The wireless router translates the network 192.168.0.0/24 to 10.20.20.100 then forwards the traffic to the firewall. The gateway IP address set on this router is 10.20.20.254. However, the firewall has an interface named wlan and IP address 172.16.0.1 (MAC address: 00aa.0091.9e02). So it is not possible to have traffic from the wireless router to the firewall. That's wrong!

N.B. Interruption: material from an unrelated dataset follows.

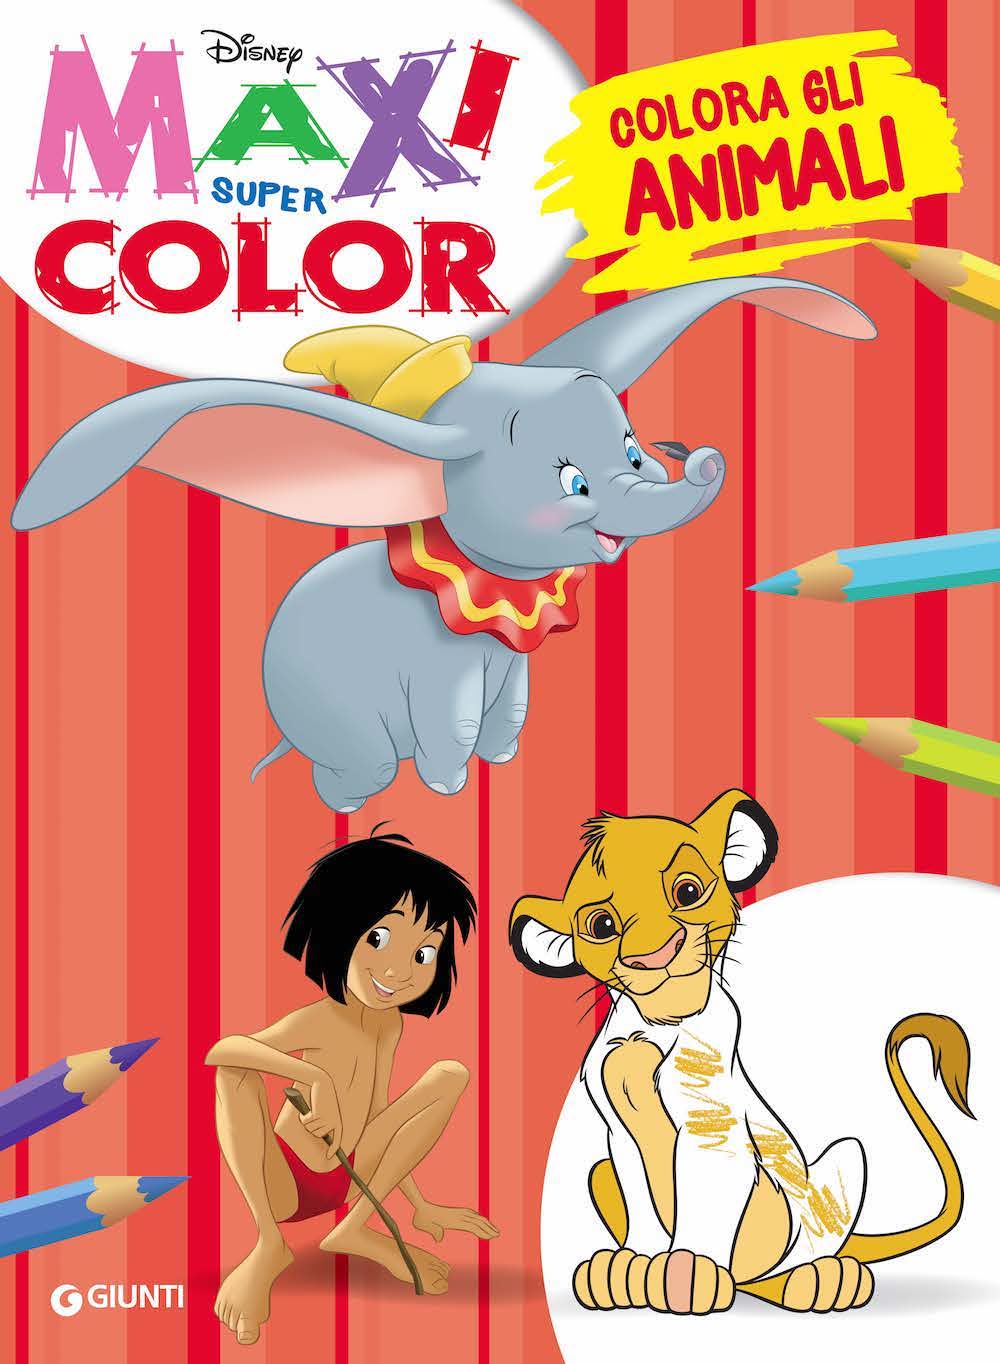 Maxi Supercolor - Colora gli animali. Dumbo, Il re leone, Il libro della giungla

The firewall has a static route to the internal network 10.20.20.0/24, so we cannot assign an IP address of this range to the wlan interface without using VLSM. The solution is Proxy ARP:
no sysopt noproxyarp guest
arp guest 10.20.20.254 00aa.0091.9e02 alias
route inside 10.20.20.0 255.255.255.0 10.10.10.254 1
route guest 10.20.20.100 255.255.255.255 10.20.20.100 1
When the wireless router tries to reach 10.20.20.0/24 using the gateway 10.20.20.254, the firewall replies to the ARP request with its MAC address. We just need layer 2 connectivity between these devices, thus everything works fine.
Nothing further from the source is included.